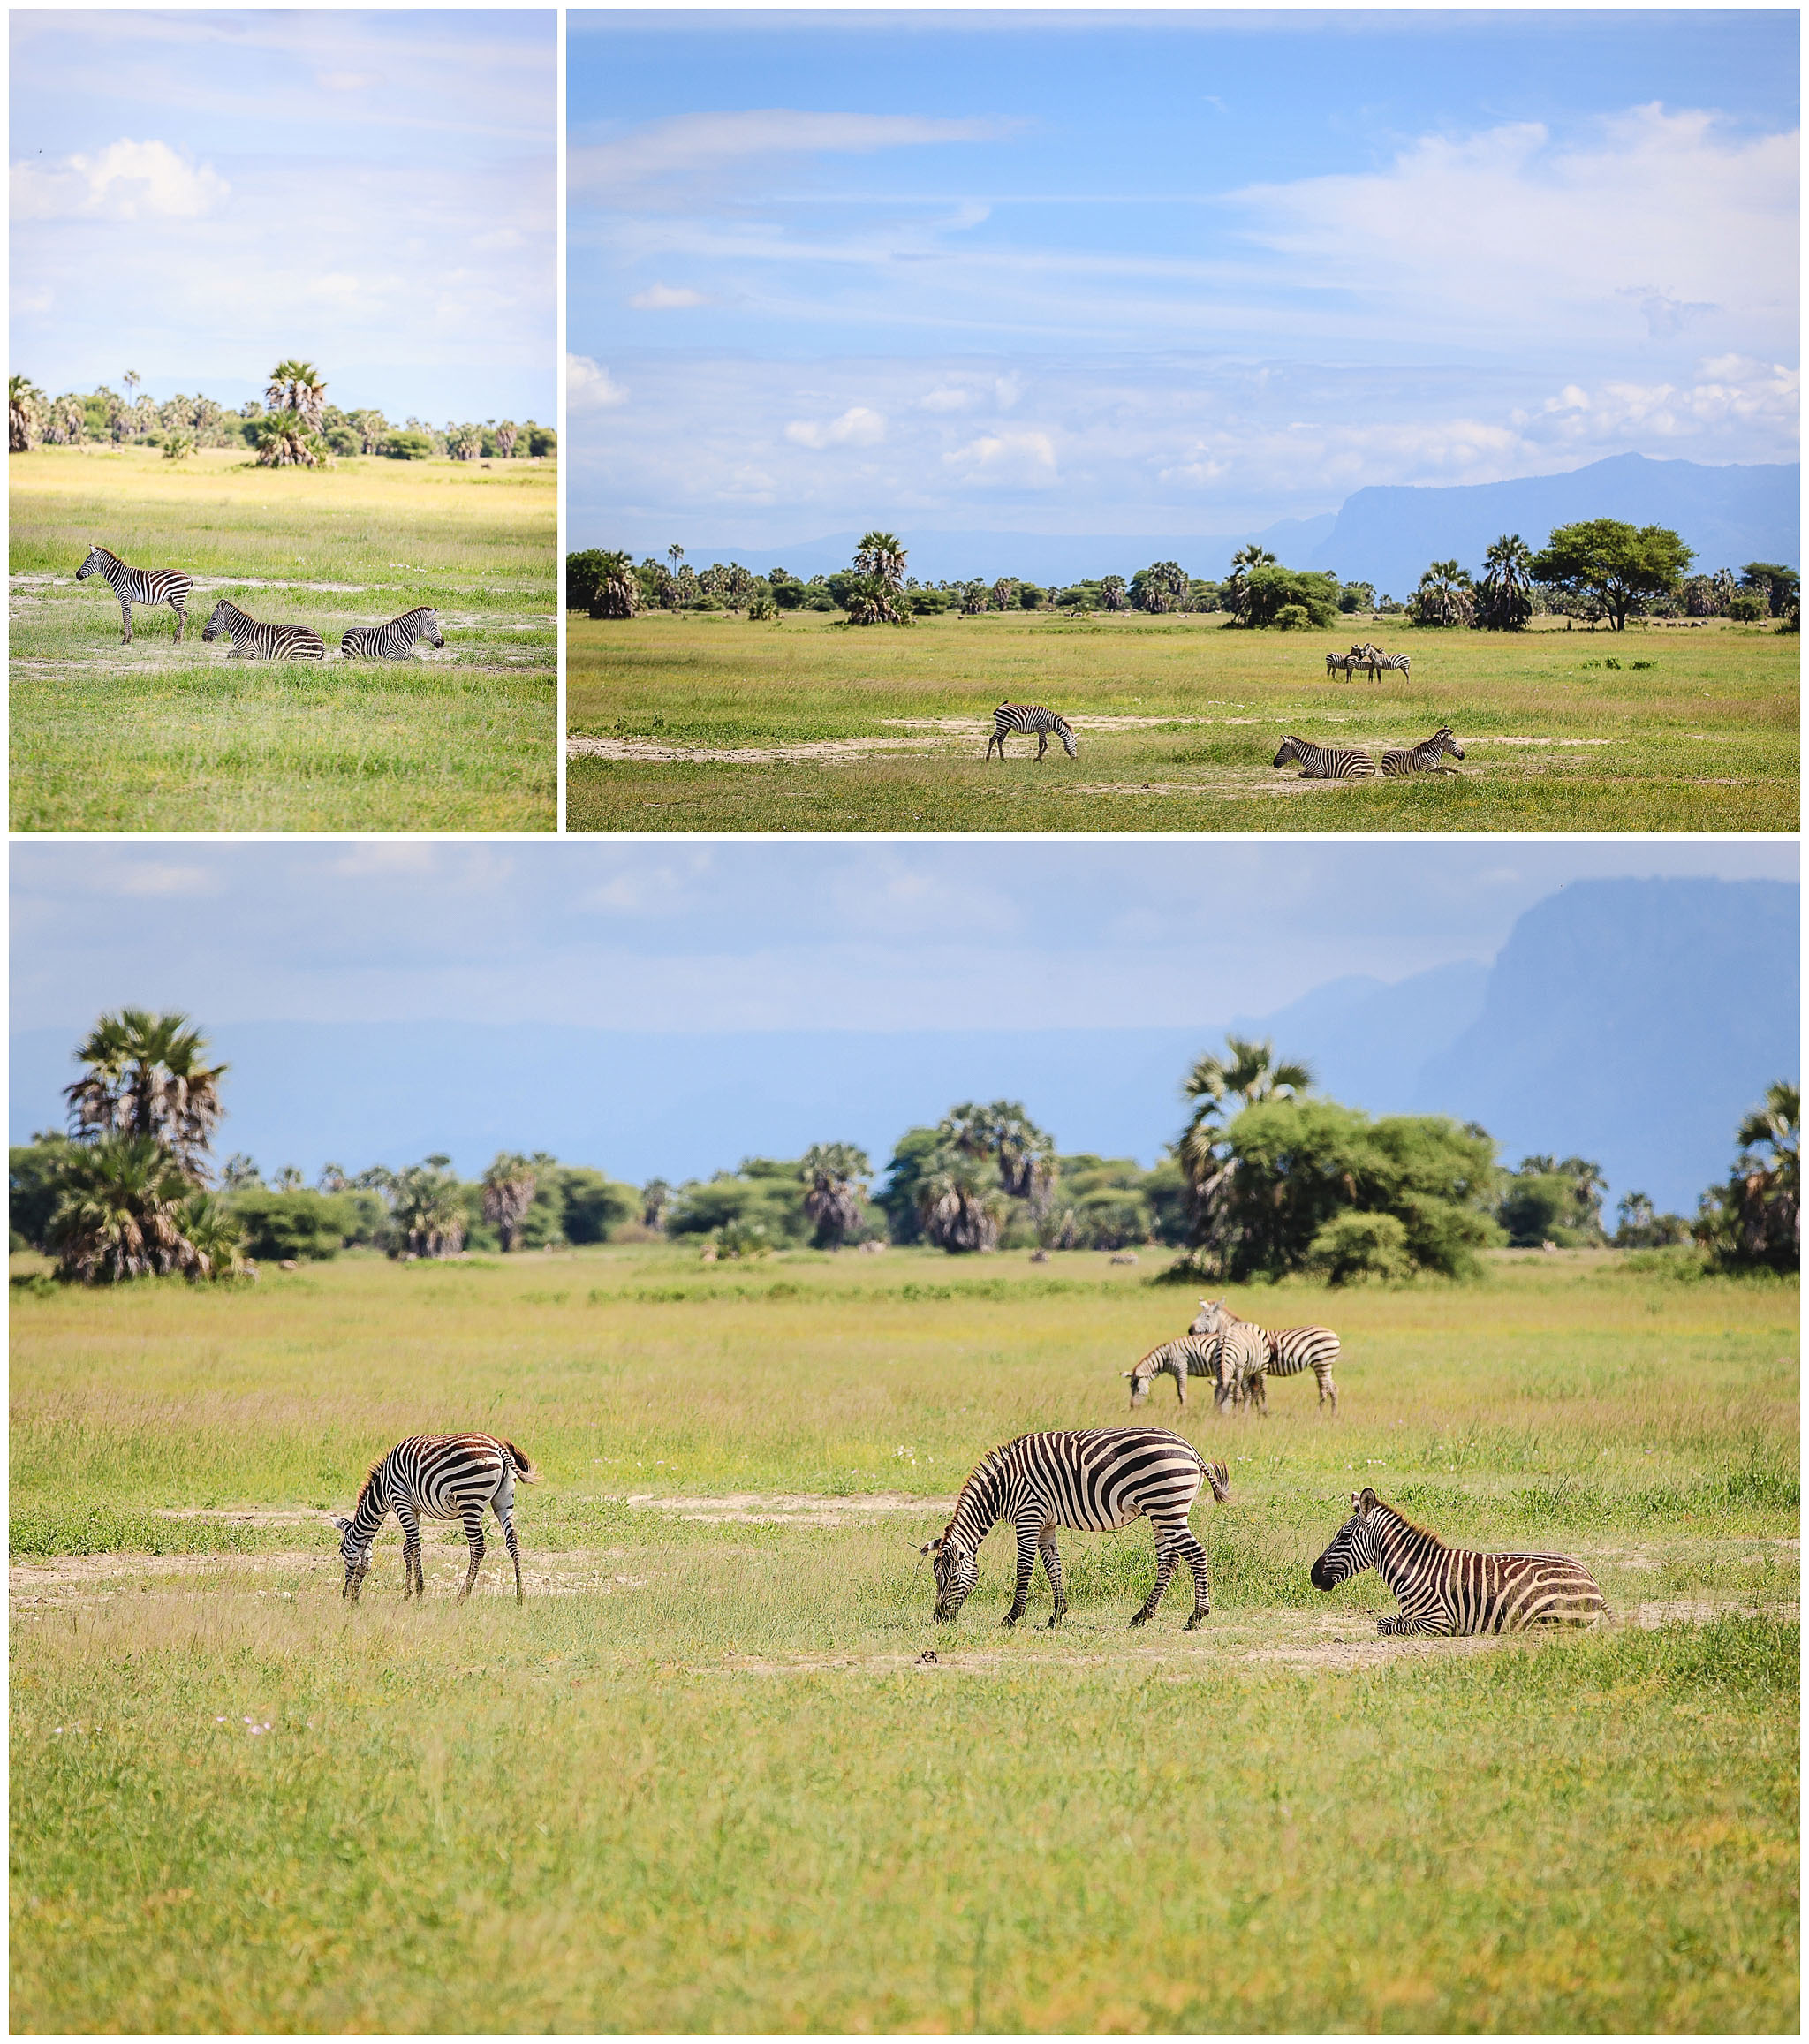 Zebras resting in Tarangire National Park, Tanzania, Africa
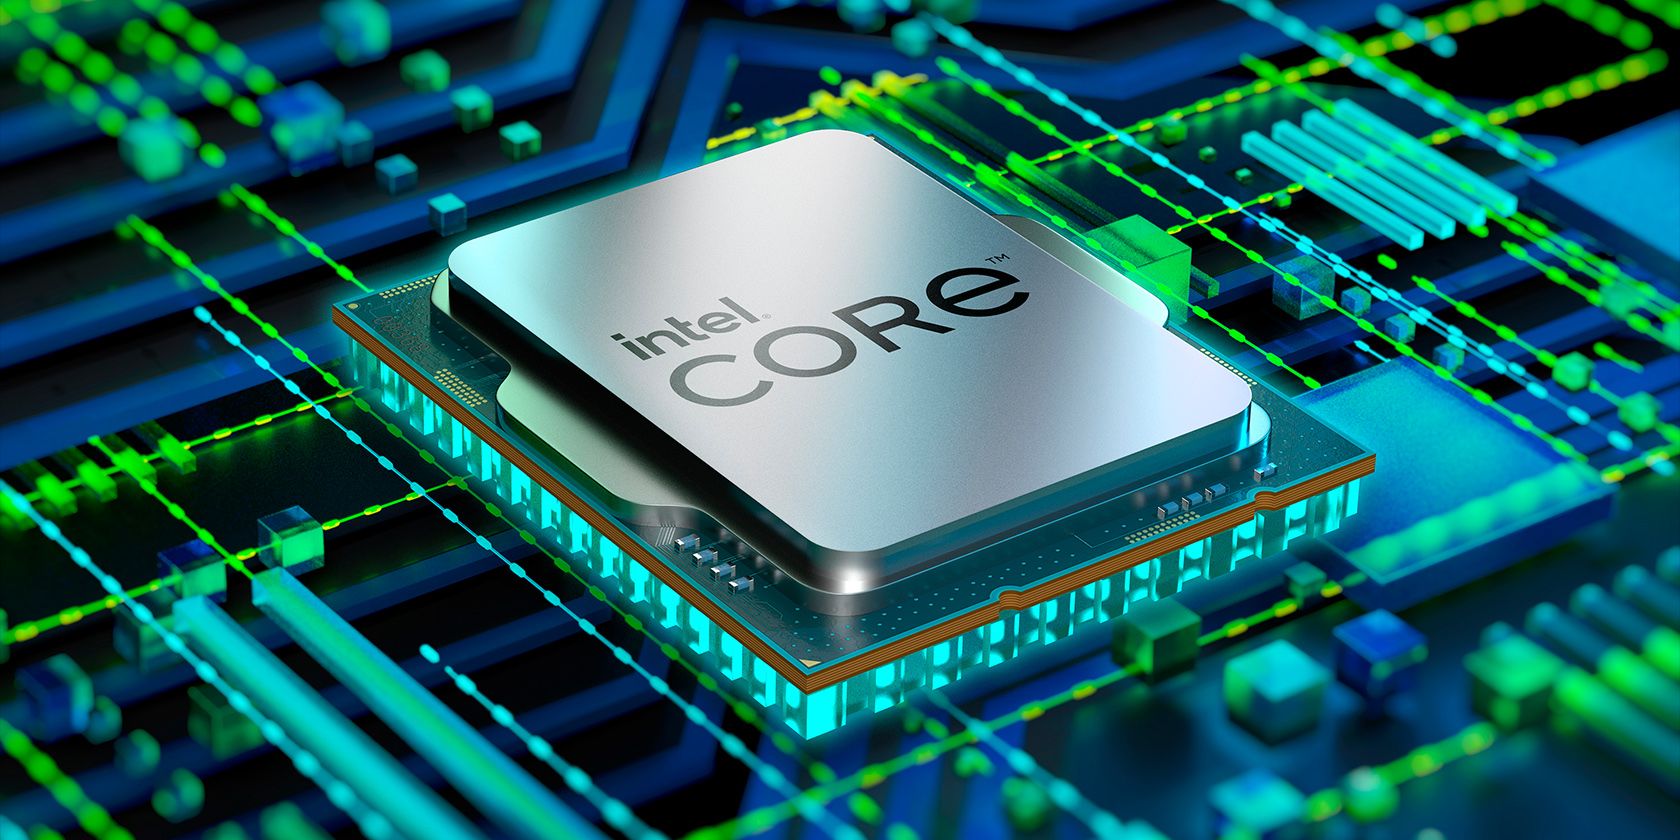 Graphics of a 12th generation Intel core processor
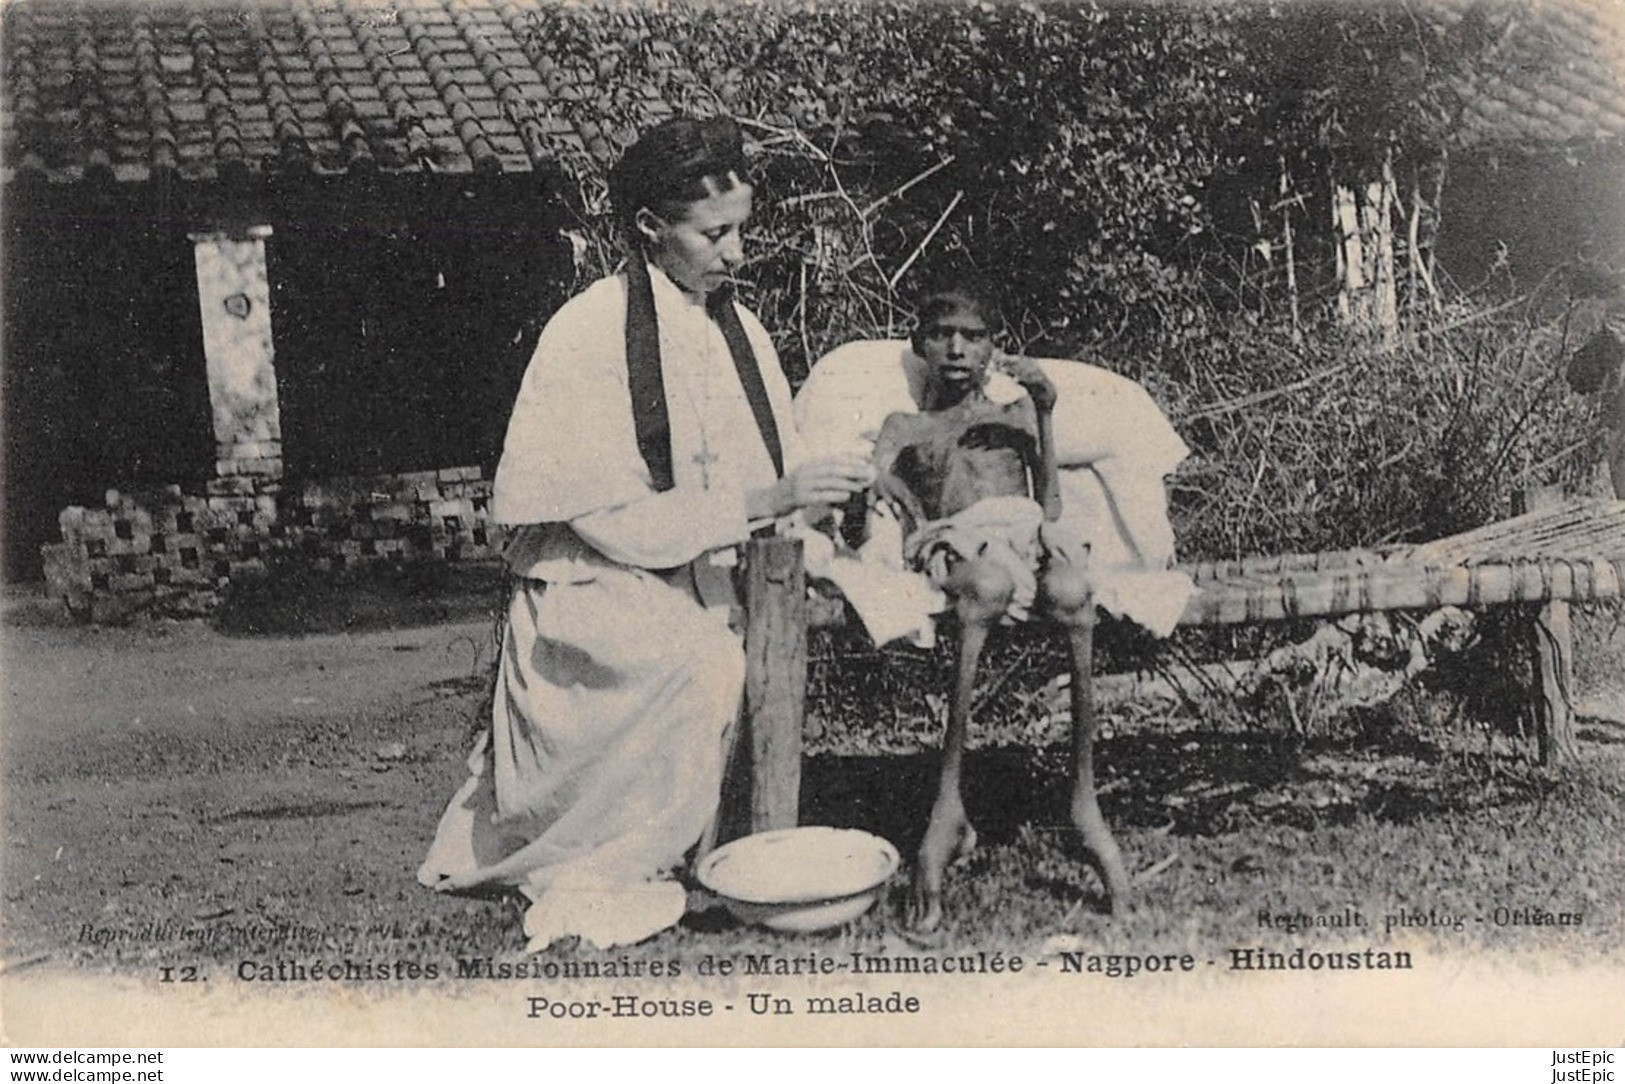 Catéchistes Missionnaires De Marie Immaculée - Nagpore - Hindoustan - Poor-house - Un Malade  Regnault Phot. Orléans Cpa - India

- - - - - - -

■ Problem ■
Only the pictures are to be dropped; all other material above must be repeated exactly.

■ Exercise solution ■
 Zebras resting in Tarangire National Park, Tanzania, Africa
 Graphics of a 12th generation Intel core processor
 Catéchistes Missionnaires De Marie Immaculée - Nagpore - Hindoustan - Poor-house - Un Malade  Regnault Phot. Orléans Cpa - India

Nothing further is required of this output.